Clarification regarding the `authors` / `maintainers` field in `pyproject.toml`


I’ve noticed what I think is an inconsistency between the specification for the authors / maintainers fields in pyproject.toml and the Author-Email / Maintainer-Email specification in the core metadata Core metadata specifications - Python Packaging User Guide

The latter says that the field needs to be a valid RFC822 From header, while the former says that, if both the name and email fields are provided, they should be combined as {name} <{email}>. However, the latter is not necessarily a valid RFC822 From header value. Should the pyproject.toml specification rectified to reflect that, maybe suggesting to use mail.utils.formataddr()?

It is also not very clear to me how to produce the Maintainer / Author fields when more than one author or maintainer is specified in authors / maintainers in pyproject.toml and not all of them have (or not have) specified name and email fields. Reading the prescription in the specification in the most strict way, I would place authors / maintainers for which there is no email in the Author / Maintainer fields and the others in Author-Email / Maintainer-Email (and this would be consistent with the requirement for these fields to be valid RFC822 From headers).

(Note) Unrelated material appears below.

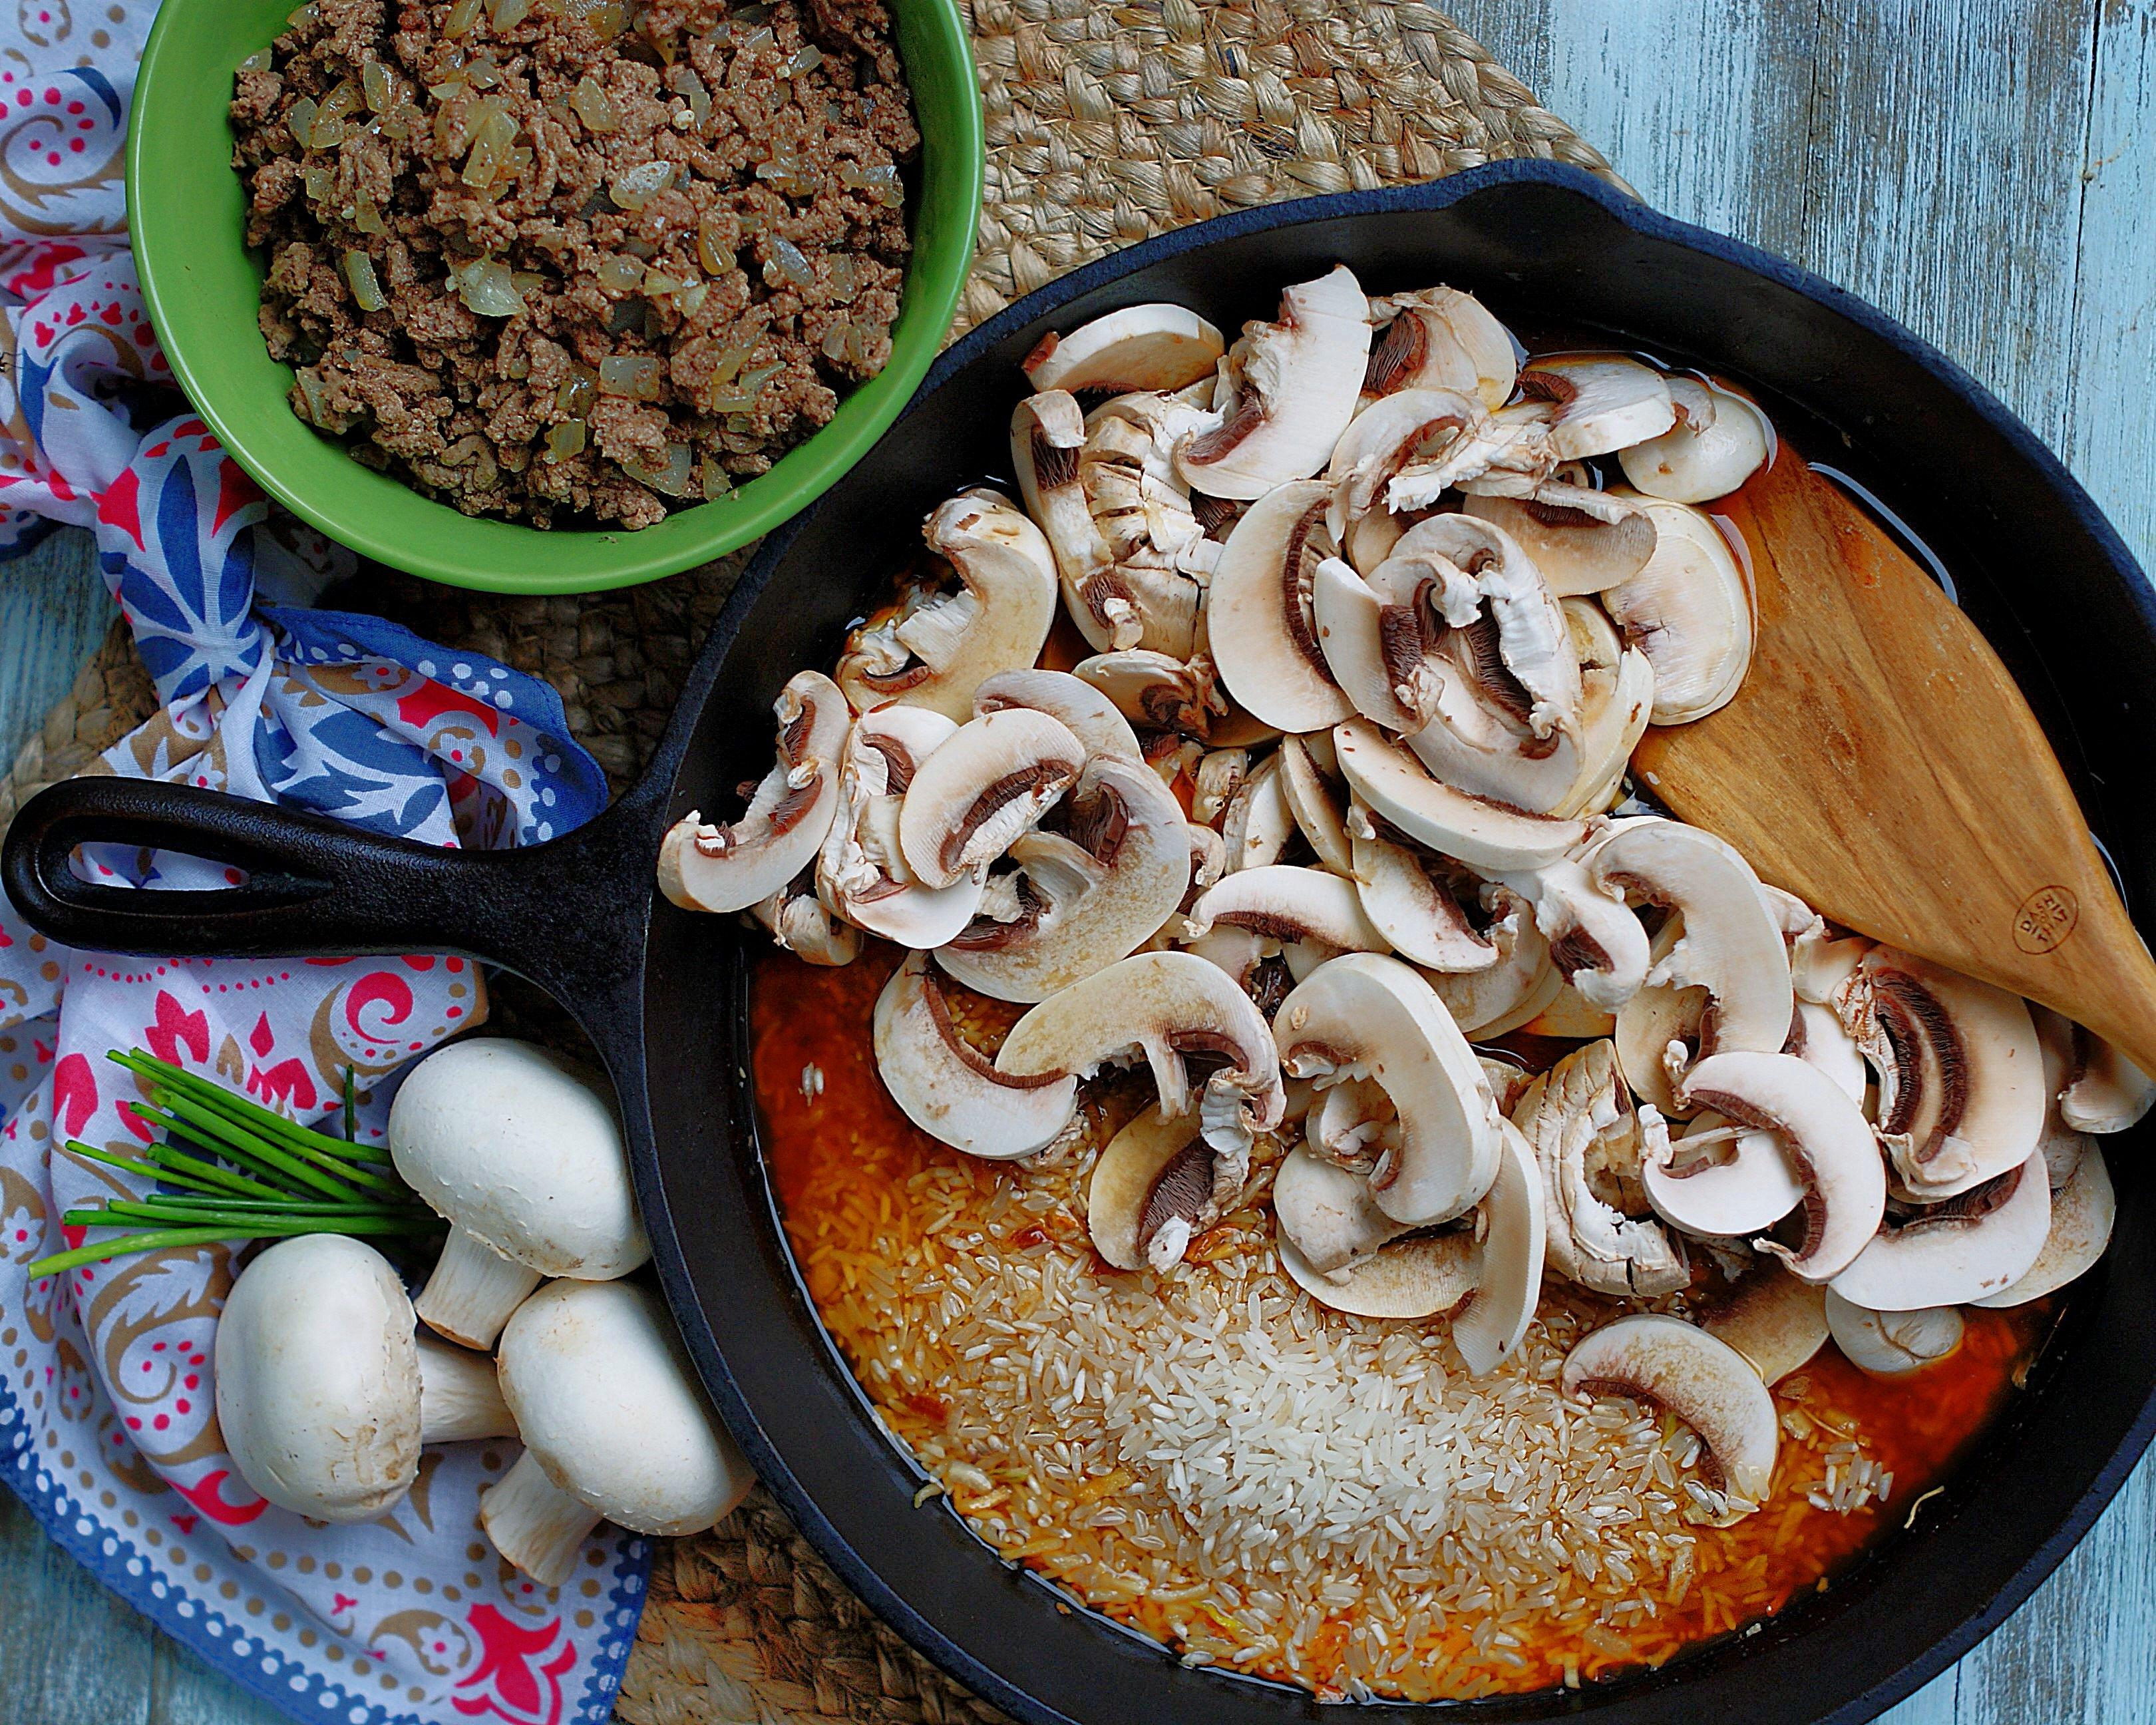 Beef & Mushroom Rice Ingredients

However, PyPI rendering of the package page when both Maintainer and Maintainer-Email are present is a messy: it uses the name in Maintainer linking it to the first email address in Maintainer-Email. Example meson-python · PyPI Is this a PyPI bug or a wrong interpretation of the specification?

The original intention of the text is to describe how the structured name and email fields in pyproject.toml should be constructed into RFC 822 form for Core Metadata, so suggesting mail.utils.formataddr() makes sense to me. It would also be a good idea to revise the text to clarify the intention, and not strictly requiring the fields to be formatted with {name} <{email}>, although maybe keeping the string as an example for readability (since RFC 822 is not a very human-friendly identifier).

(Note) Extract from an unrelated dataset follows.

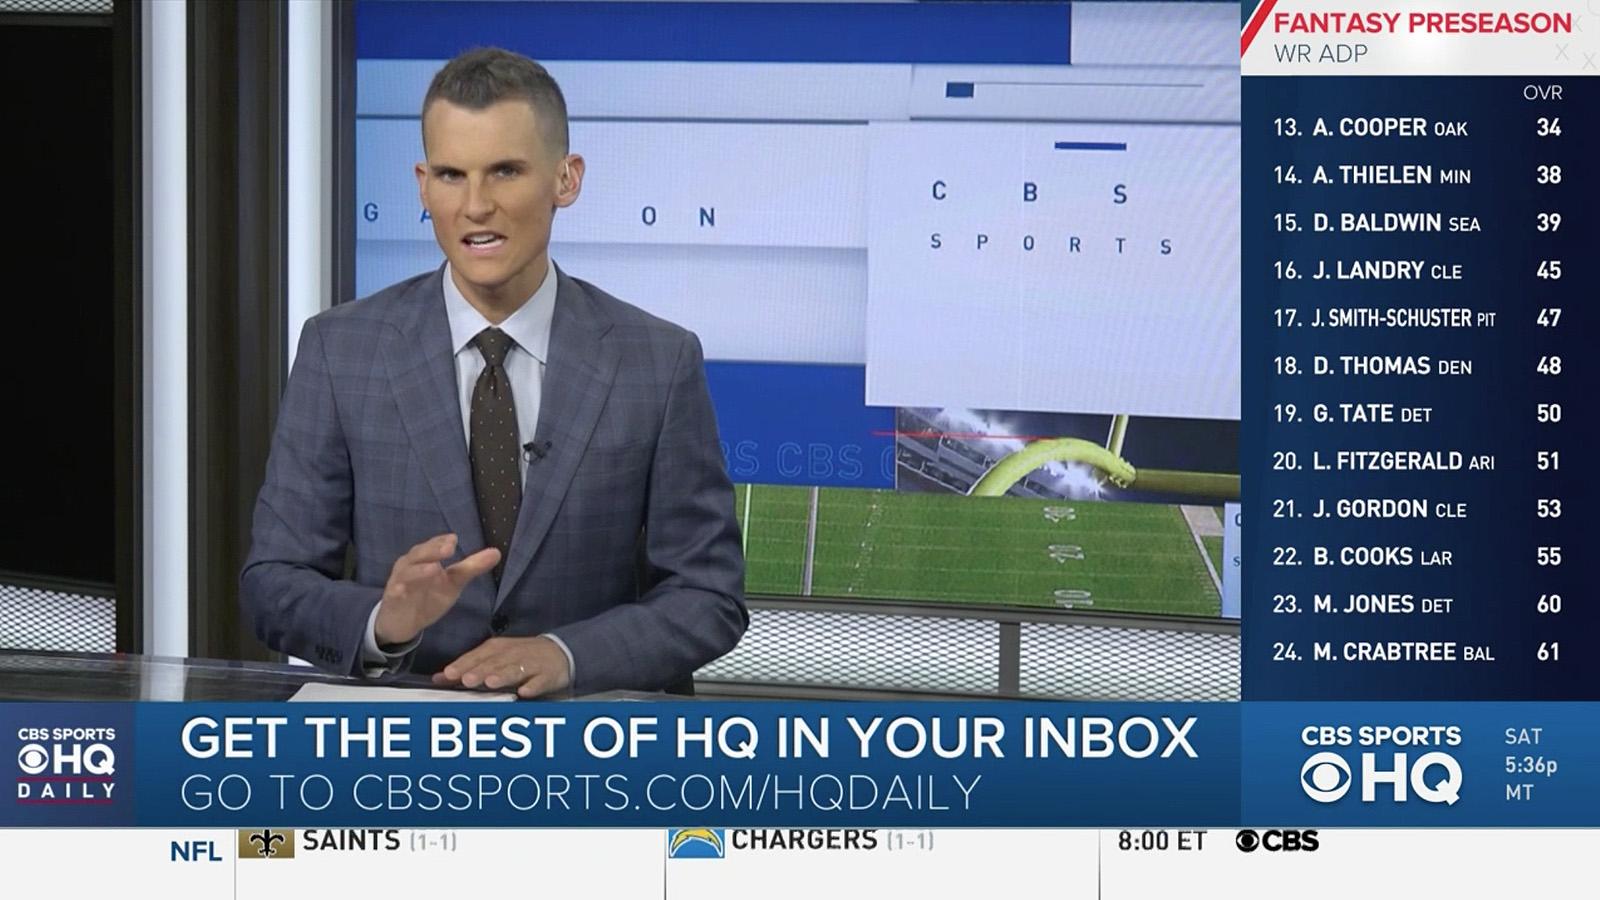 ncs_CBS-Sports-HQ_0026

The Author and Maintainer fields are basically free-form, so you are free to do anything you seem fit. PyPI is trying to be smart here because historically people have misunderstood what the fields mean and put a name and email separately. It should be smarter when Maintainer-Email already contains a name instead and not blindly assign the email to a Maintainer entry. Assuming that gets fixed, what you want to do seems appropriate, although again anything is technically appropriate since there are no rules around the non-email fields.

Maybe related: Structure for importlib metadata identities

Related, indeed. I would love a more strict definition of the metadata fields. However, the approach proposed in that thread, that AFAICT didn’t receive any answer, is based on a misunderstanding of how the metadata fields are defined, namely that Author contains the list of author names, and Author-Email the list of the respective email addresses. This is not the case.

Thanks @uranusjr. It is very unfortunate that the metadata fields are not better specified. However, PyPI is the main consumer of the metadata, thus I think that the most important thing is to write the metadata in a way that is interpreted by PyPI as intended. For the currently deployed PyPI, mixing Author and Author-Email does not work. Having invalid addresses (names only for authos missign the email field in pyproject.toml) in Author-Email violates the metadata specification. Therefore, the only way to obtain something sensible is to put the author names and email addresses in the Author field. I’ll check how that renders on PyPI.

Somewhat related warehouse issue regarding how this metadata is displayed on PyPI: Odd rendering of author when using PEP 621 metadata. · Issue #9400 · pypi/warehouse · GitHub

Related issue for Hatch Build breaks for non-ascii emails · Issue #965 · pypa/hatch · GitHub

I’m wondering if non-ASCII emails should be supported even if it is technically possible

If interpret the linked issues correctly, it seems that there is no way to have more than one name or email address in Author / Author-Email or Maintainer / Maintainer-Email and have it correctly rendered on PyPI. As these fields are not strictly defined, PyPI is the only important consumer of these metadata, however, wheelhouse is not able to make sense of the metadata when multiple authors or maintainers are specified, plus some more unexpected behavior when both the plain and -Email versions of the fields are present. Therefore, despite the PyPA standard document, the only supported metadata format is having exactly one author or maintainer and use either the plain or -Email suffixed fields, but not both. Am I missing something?

What would be the road to have wheelhouse interpret the metadata fields as the specifications suggest? Should the specification be clarified with amendments to the PyPA documents before any patch to wheelhouse is proposed?

I think the best way forward would be to deprecate the -Email suffixed fields in favor or simply using comma separated, RFC822 compliant from addresses in the Author and Maintainer fields.

I would suggest opening an issue toward PyPI on rendering the fields more appropriately. It is entirely possible to add additional guidelines to the metadata fields so PyPI can treat it as expected, or there potentially might even be a way to just make PyPI do mostly what you want. Since PyPI is the only meaningful customer, how it renders the fields is basically the de facto standard. That would be more useful than trying to migrate the metadata format to new fields.